Moreover, when one hears
laments about “the curia,” it should be understood that we’re talking about
the curia as a metaphor for centralized Roman power, not necessarily the
people in it. Sometimes curial officials themselves can be the best advocates
of local churches. Cardinal Ignace Moussa I Daoud, who runs the Congregation
for Eastern Churches, is certainly friendly to the case for this kind of
decentralization (he is himself from the Syrian Catholic rite).
Yet when one adds up
all the points of the compass from which calls for decentralization are
being heard today, from Cape Town to Kiev, from Brasilia to Bratislava,
it’s clear that in decentralization we have an issue that is likely to
cut teeth when a conclave rolls around.
* * *
One bit of trivia.
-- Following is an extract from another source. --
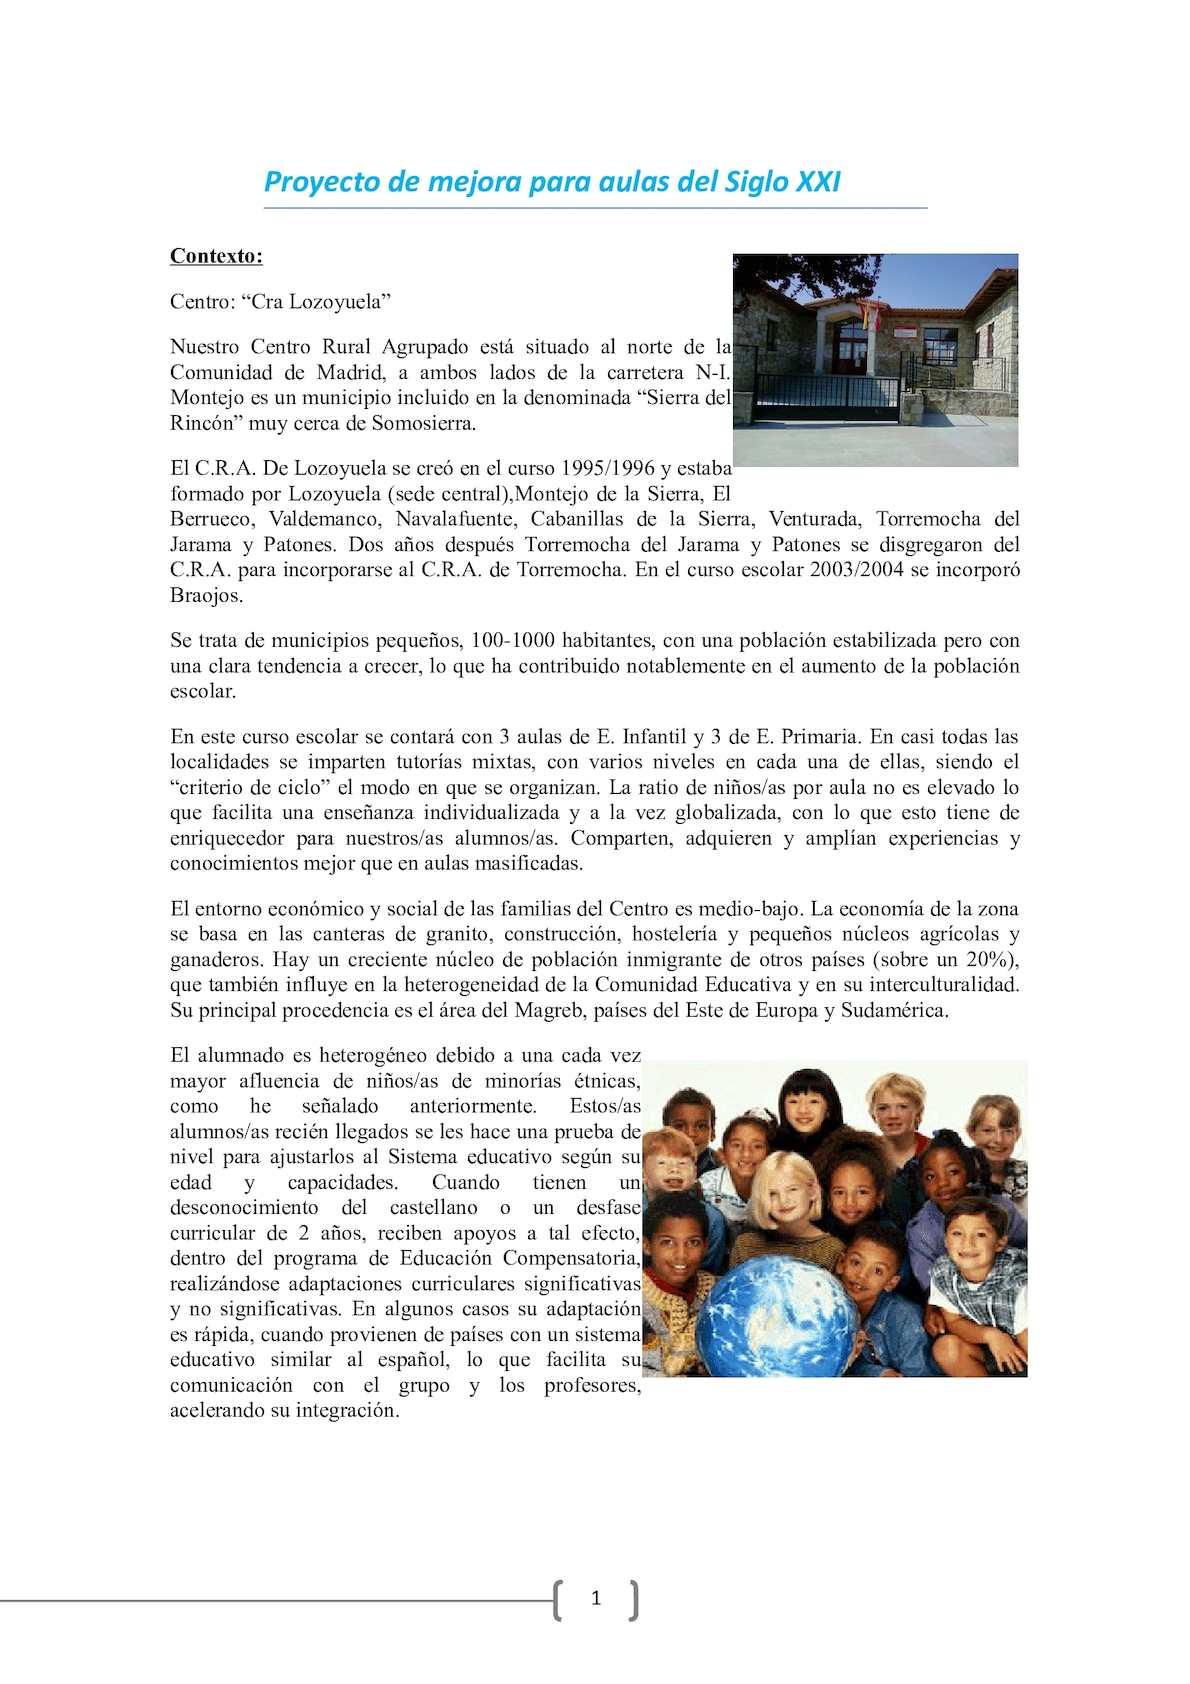 Proyecto De Mejora Para Aulas Del Siglo Xxi

We learned from
a talk on Nov. 19 that the Eastern code, issued in 1991, was the first
legal text of the Catholic church ever put into final form on a computer.
I tracked down the man who did the work, the legendary Jesuit scholar Fr.
Ivan Zuzek, to ask the key question: What kind of computer? Turns out,
to my great delusion, that it was an IBM. I tried in my broken Italian
to explain Umberto Eco’s famous theory that IBMs are Protestant while the
Macintosh embodies counter-reformation Catholicism, but I could tell I
had lost my audience.
Finally, a book tip.
For readers who would like a basic survey of the Eastern Christian scene,
both Catholic and Orthodox, I can recommend with enthusiasm The Eastern
Christian Churches by Paulist Fr. Ron Roberson. It’s easy to read,
yet informative and comprehensive. Roberson is on the staff of the U.S.
bishops secretariat for ecumenical and interreligious affairs, and helped
out during the pope’s June trip to Ukraine.